WHAT IS NEEDED. The required output holds only the lines from the one containing "2016 Aperta Ferrari" through the end of the material below, copied exactly, please, with no pictures.

GIVEN DATA.

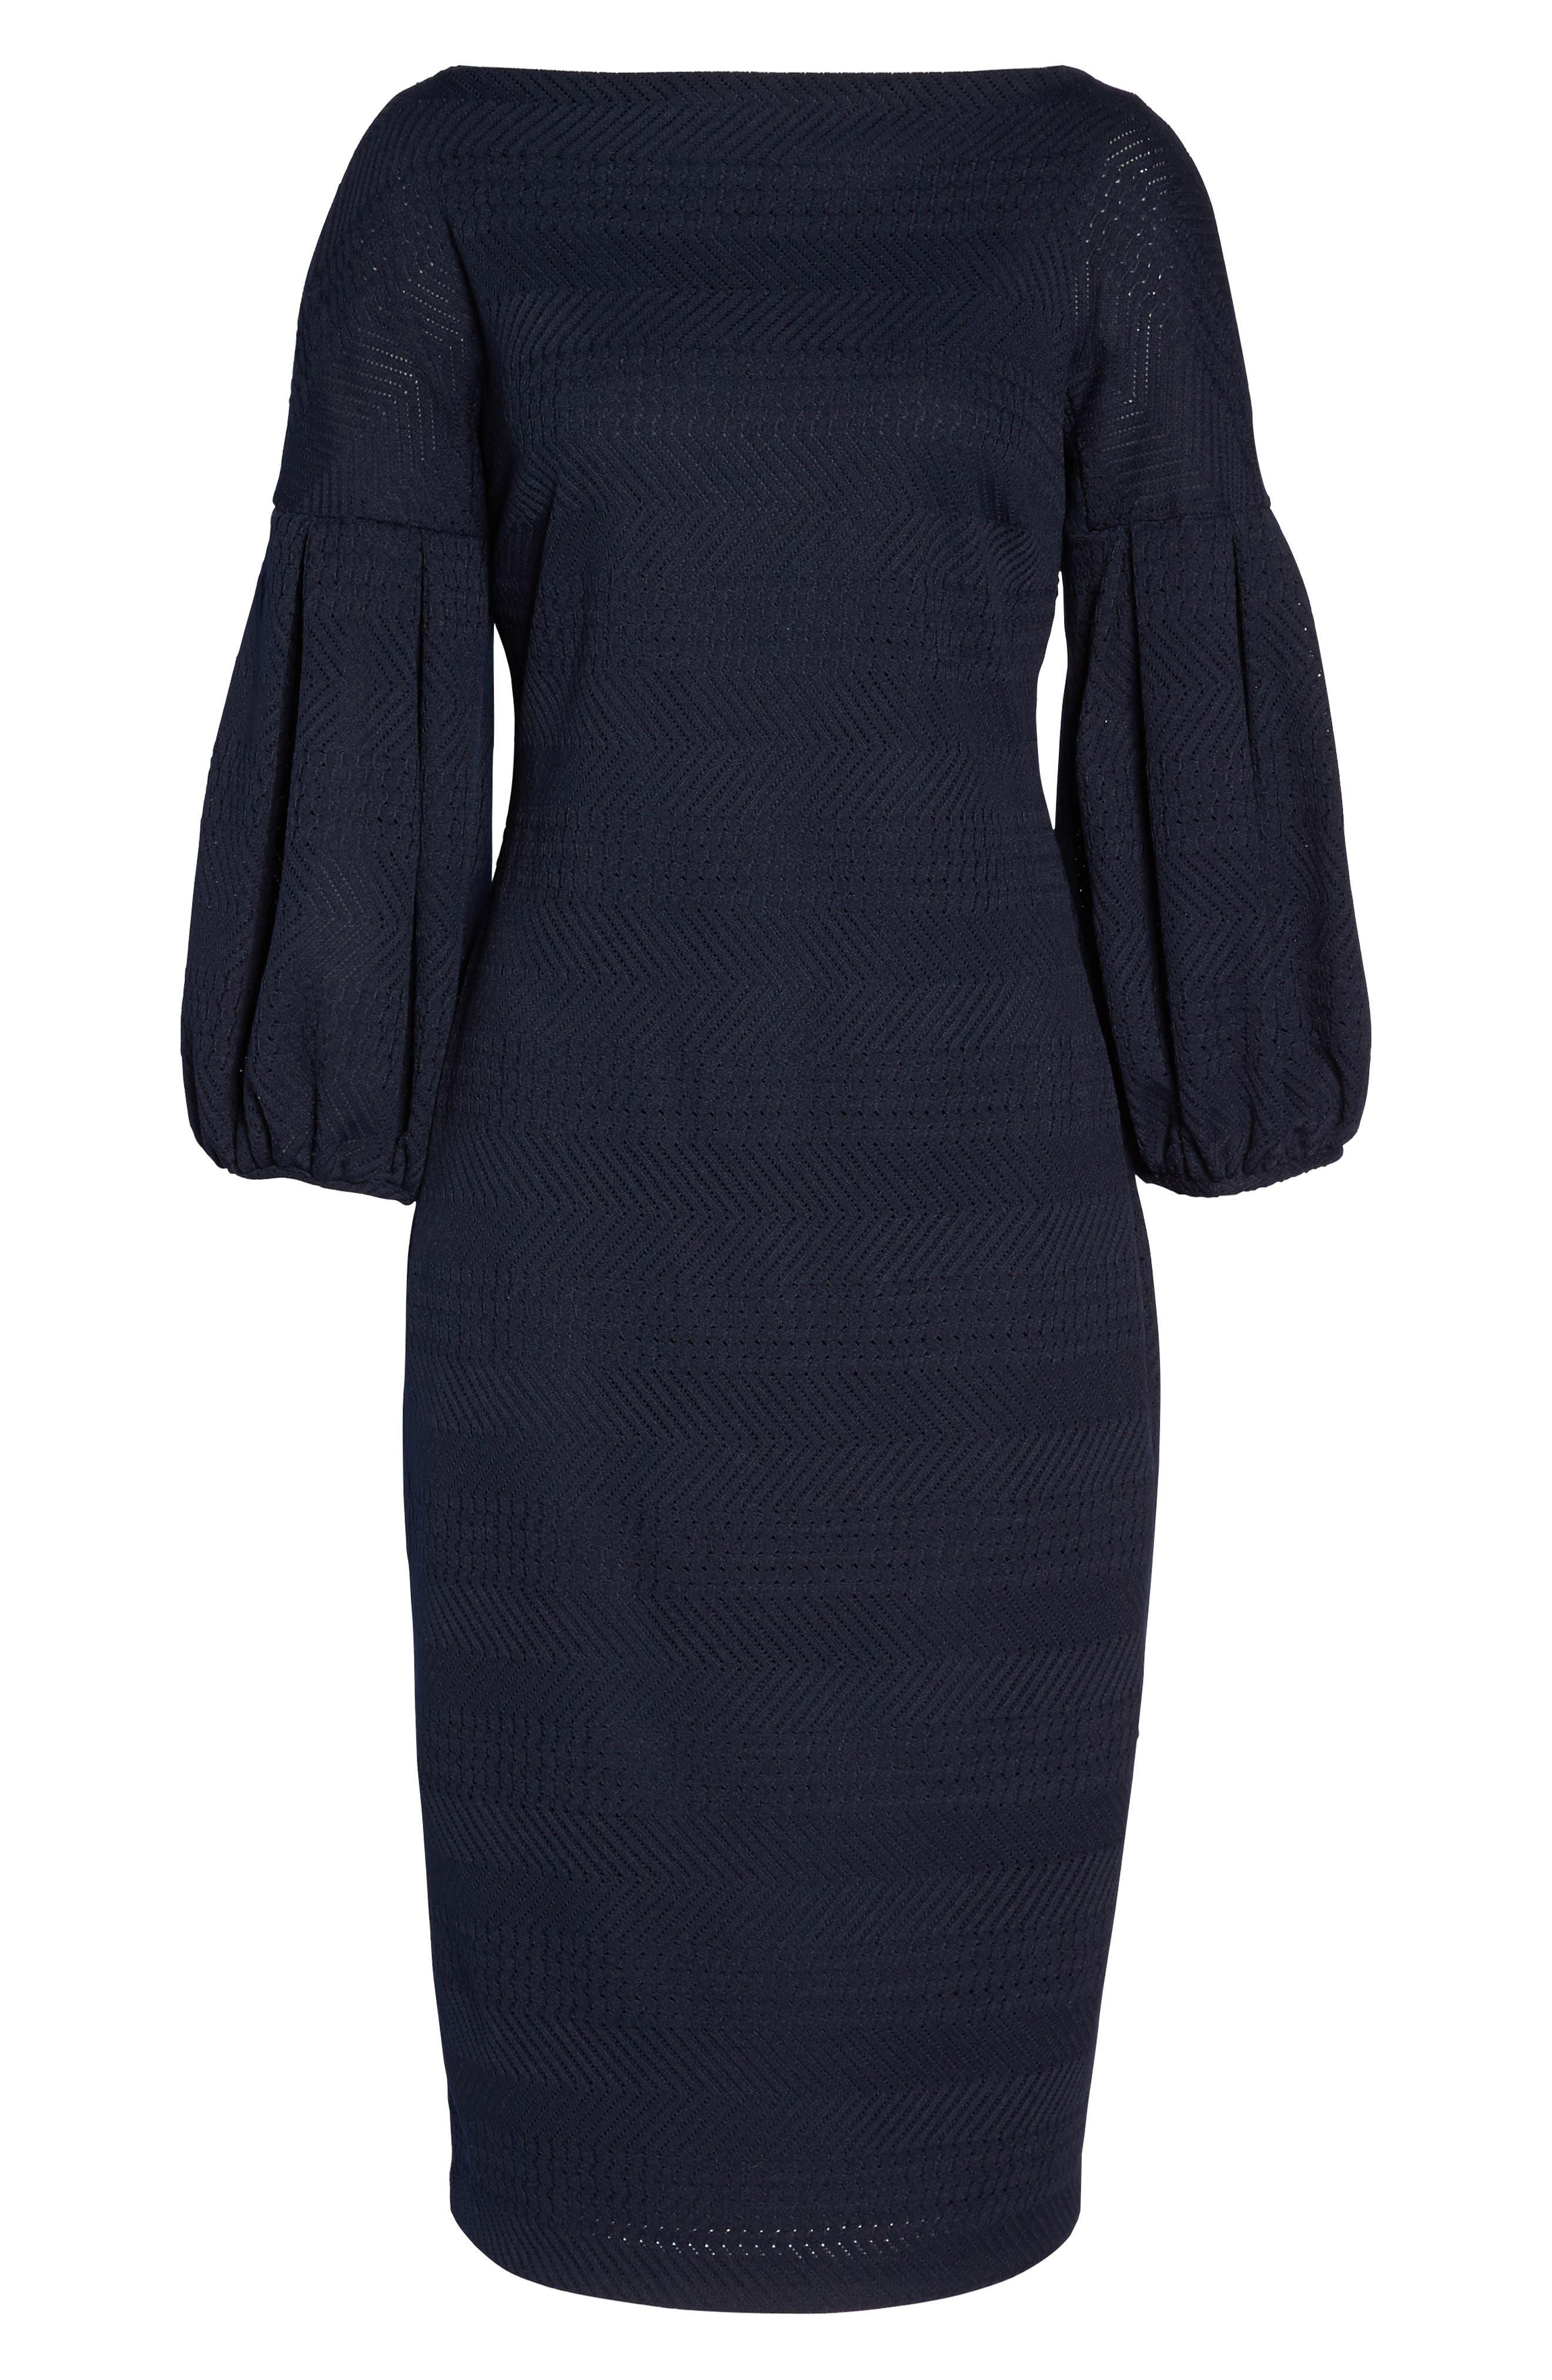 Solid Herringbone Knit Dress,                             Alternate thumbnail 6, color,                             Navy
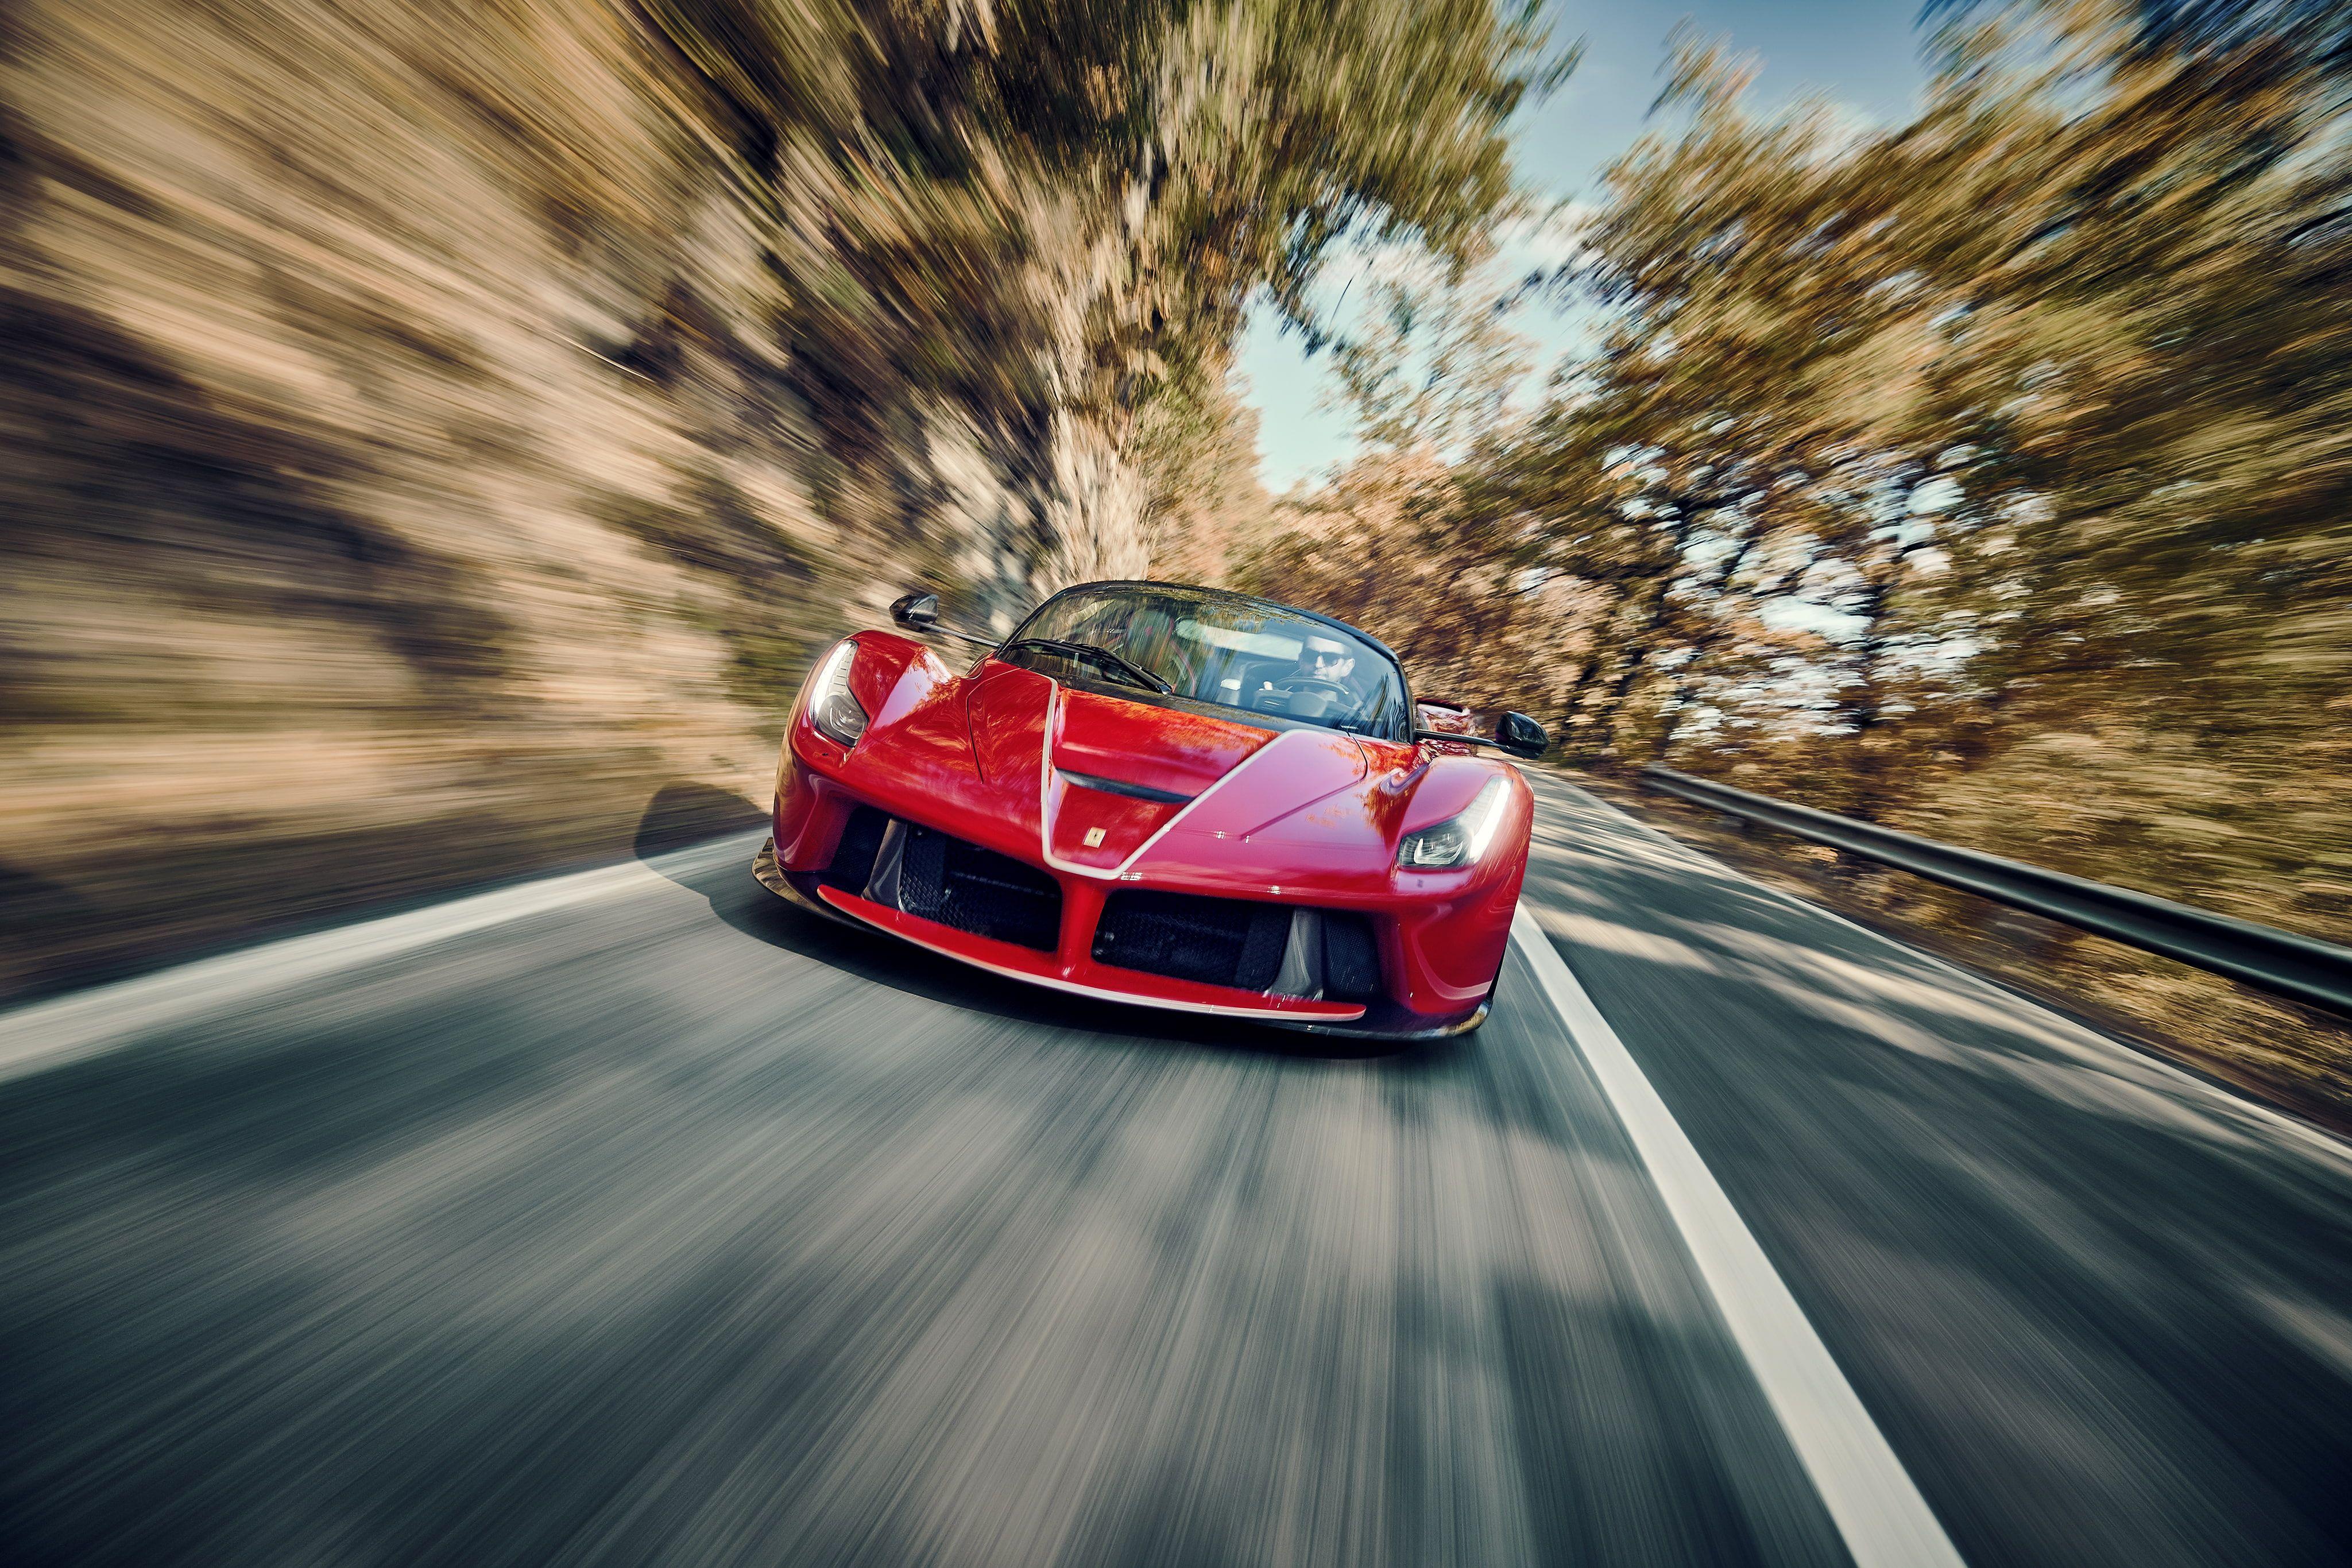 2016 Aperta Ferrari Laferrari Supercar 4k Wallpaper Hdwallpaper Desktop Super Cars Ferrari Ferrari Laferrari
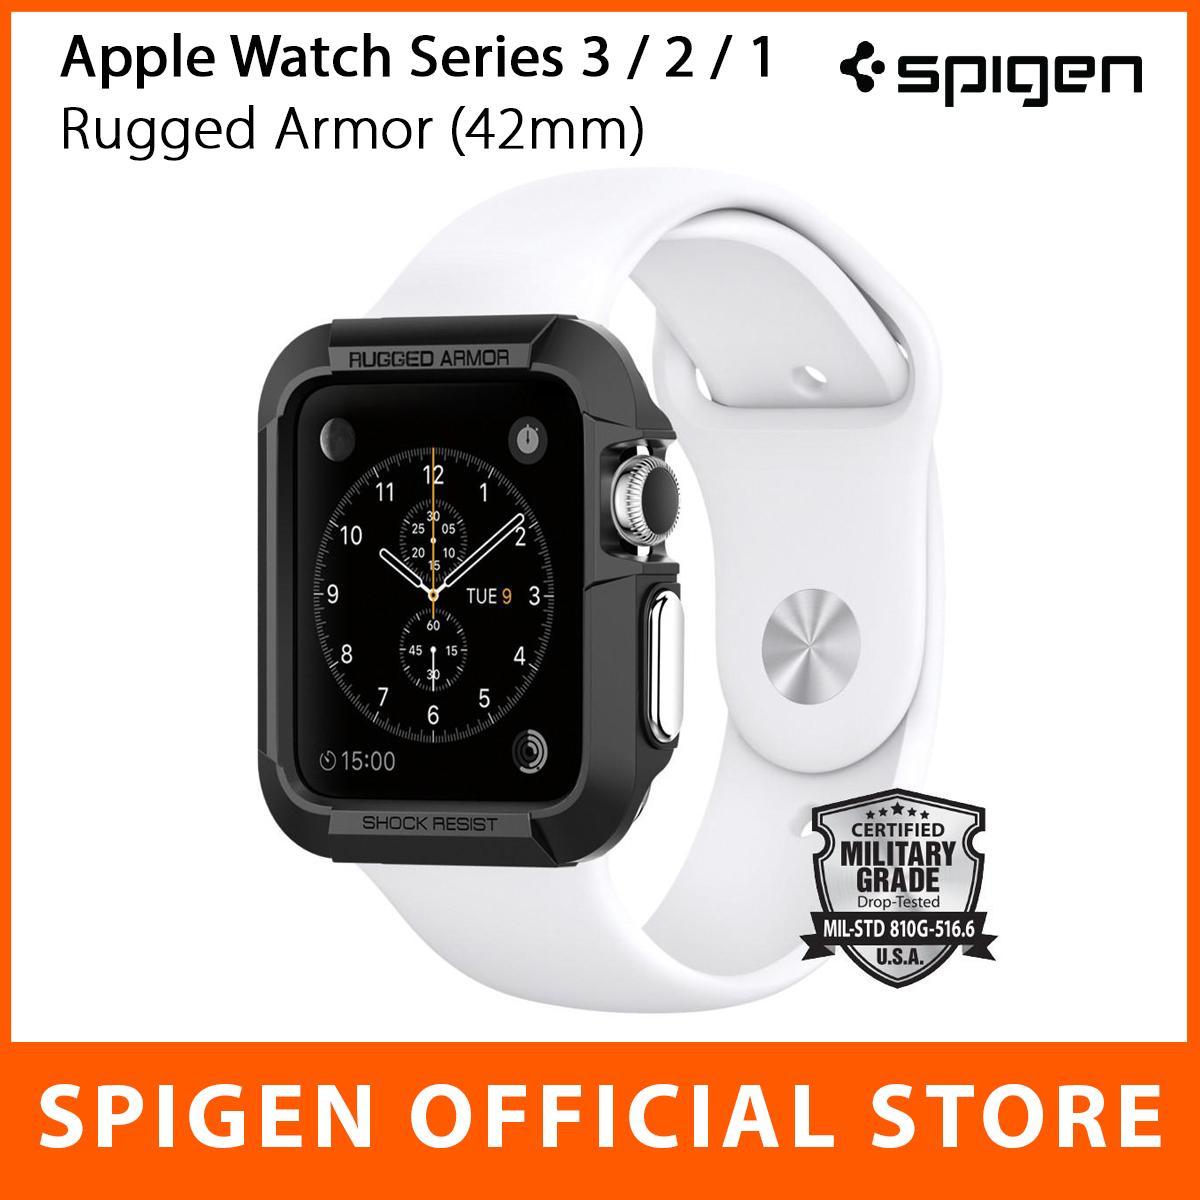 Buy Designer Smartwatches Cases Watches Lazada Spigen Apple Watch Rugged Armor Case 38mm Tpu Softcase Original

WRITTEN RESPONSE.
 2016 Aperta Ferrari Laferrari Supercar 4k Wallpaper Hdwallpaper Desktop Super Cars Ferrari Ferrari Laferrari
 Buy Designer Smartwatches Cases Watches Lazada Spigen Apple Watch Rugged Armor Case 38mm Tpu Softcase Original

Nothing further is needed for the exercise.